David W. Blight, a professor of American history at Yale and the director of the Gilder Lehrman Center for the Study of Slavery, Resistance and Abolition, will present “Monuments and Memories: Has the Civil War Ever Really Ended?” on Wednesday, April 25, at 7:30 p.m. in 201 Riley Hall at Linfield College.
In August of 2017, the proposed removal of a monument honoring Confederate General Robert E. Lee in Charlottesville, Va., spurred protestors to descend upon the city. One white supremacist rammed his car into a crowd, killing one person and injuring 19.
Since then, many cities have been questioning and removing their own Confederate monuments. Critics contend that the Confederacy fought to maintain slavery and white supremacy in the United States and shouldn’t be honored or commemorated; defenders argue that these monuments are about Southern pride, and that taking down these symbols erases American history. Blight will discuss Confederate monuments, and conflicting narratives around the Civil War, in his lecture.
“I first met David Blight at his seminar on slave narratives at Yale several summers ago; he is one of America’s greatest Civil War historians,” said Peter Buckingham, professor of history at Linfield College. “His thoughts on the monument controversy, including the terrible events at Charlottesville, will be most interesting.”
Blight is a teacher, scholar and public historian. As the director of the Gilder Lehrman Center at Yale, Blight organizes conferences, working groups, lectures, the administering of the annual Frederick Douglass Book Prize, and public outreach programs regarding the history of slavery and its abolition.

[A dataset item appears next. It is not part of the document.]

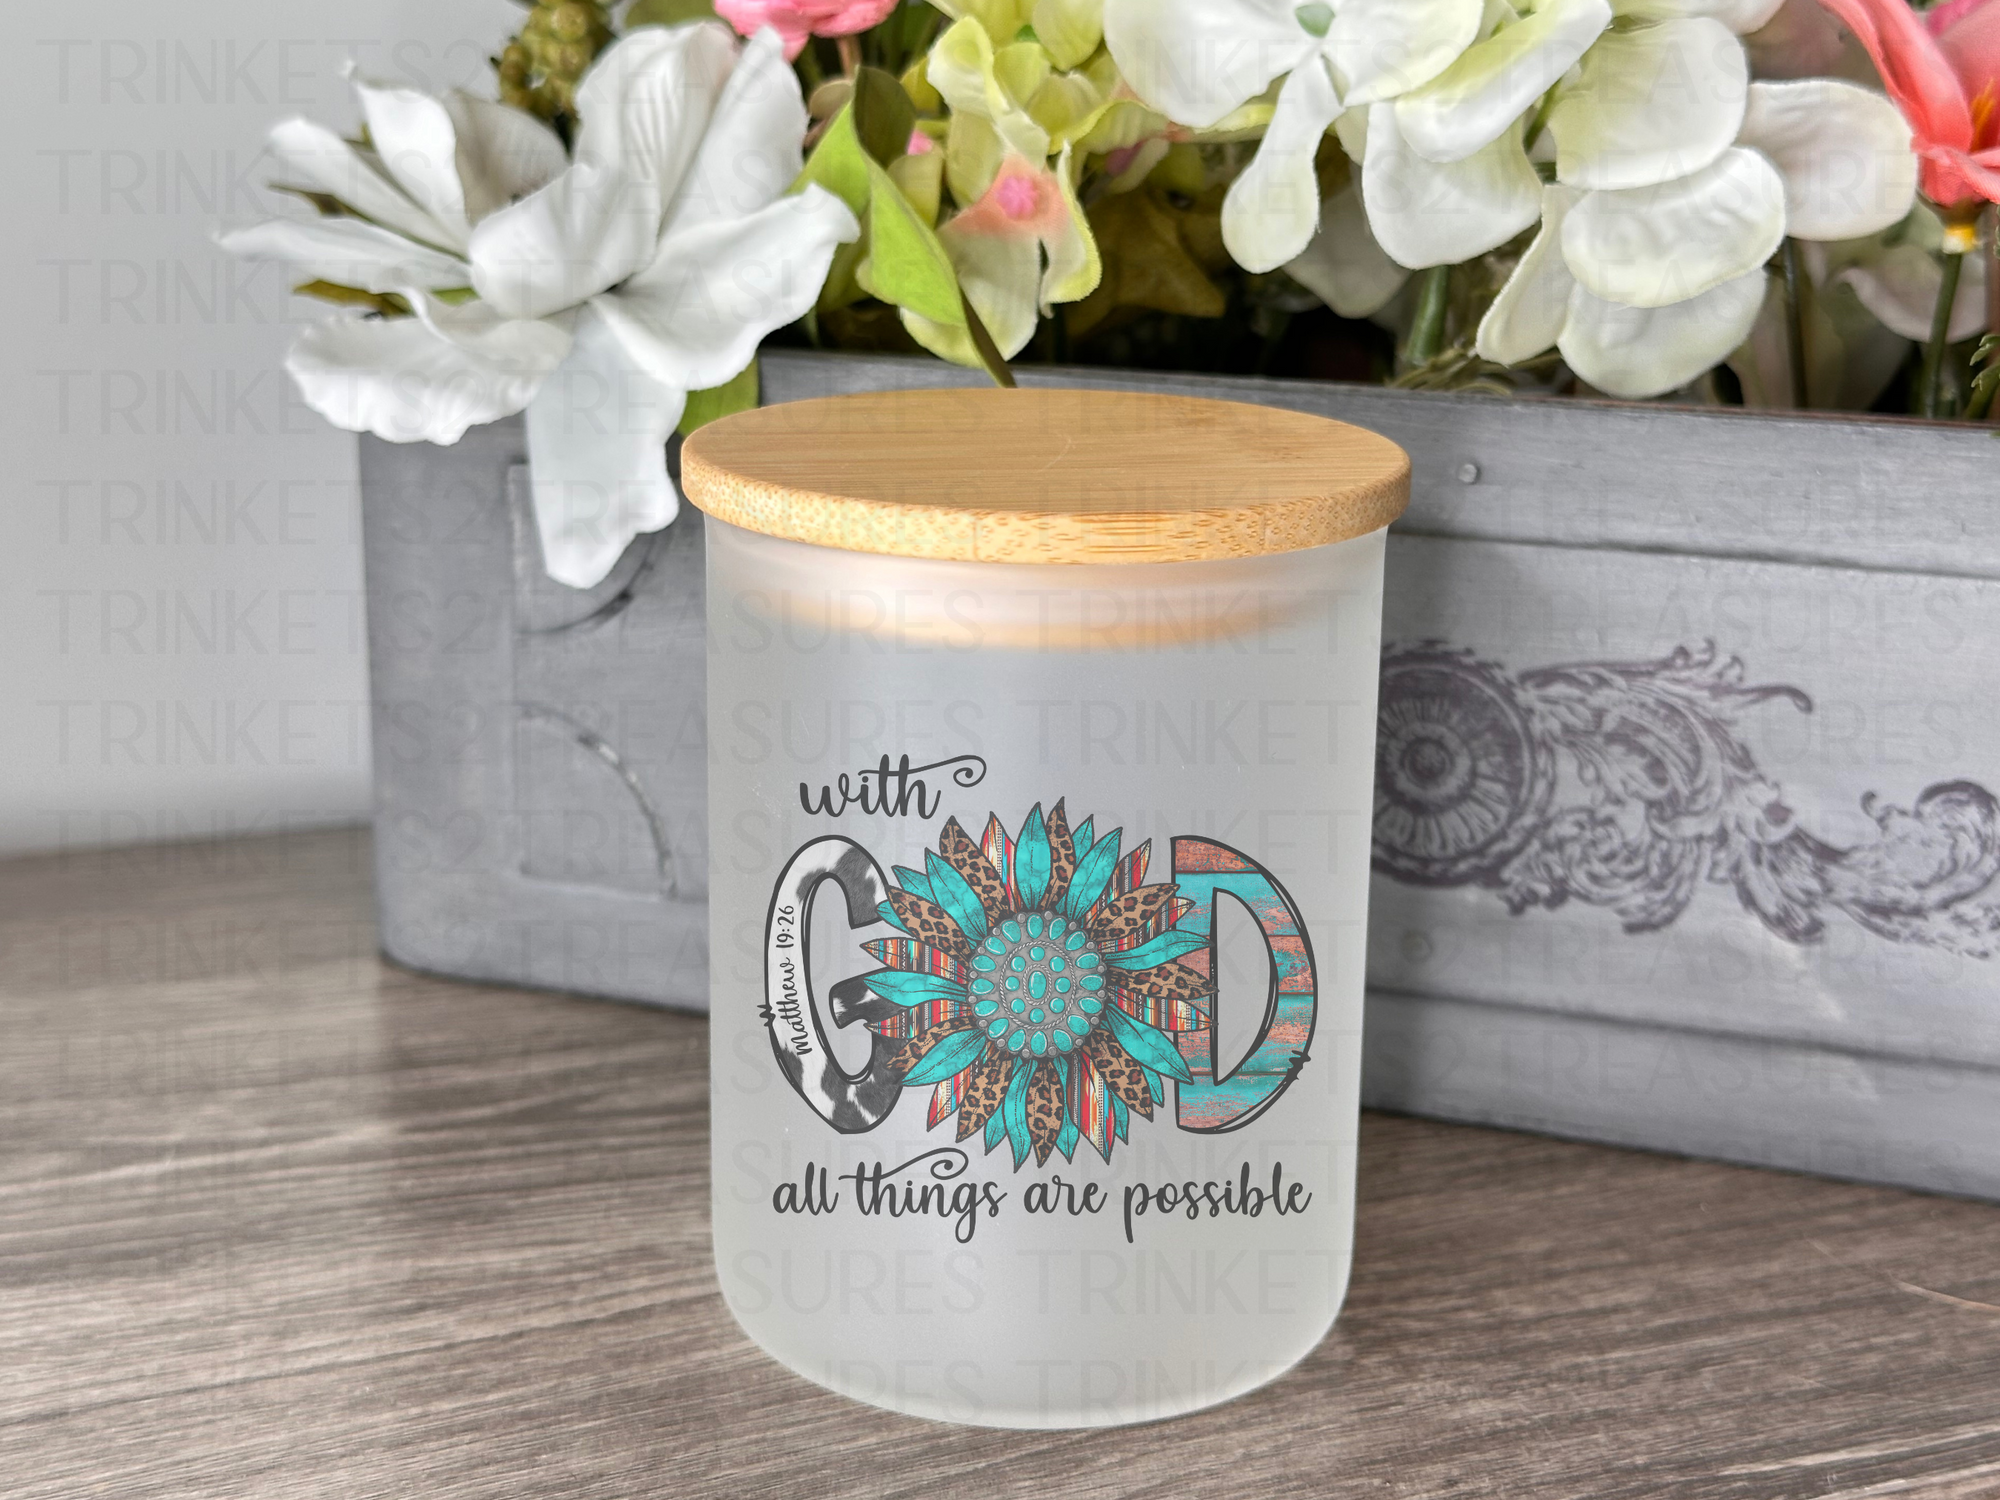 10 oz Frosted Candle Jars with Bamboo Lid/Multi-Purpose Jar/With God All Things are Possible/#502

Blight is also the author of “Race and Reunion: The Civil War in American Memory,” which received eight book awards, including the Bancroft Prize, the Abraham Lincoln Prize, and the Frederick Douglass Prize as well as four awards from the Organization of American Historians, including the Merle Curti prizes for both intellectual and social history. Other published works include “Beyond the Battlefield: Race, Memory, and the American Civil War,” and Frederick Douglass’s “Civil War: Keeping Faith in Jubilee.” He is currently writing a new, full biography of Frederick Douglass that will be published by Simon and Schuster in 2018.
This event is free and open to the public. It is sponsored by the Jonas A. “Steine” Jonasson Endowed Lecture that honors Jonasson, professor emeritus of history, who was associated with Linfield for more than 60 years before his death in 1997. The endowment is used to bring in distinguished scholars and speakers in the area of history. Jonasson held the unofficial title of Linfield historian and wrote “Bricks Without Straw,” a history of the college.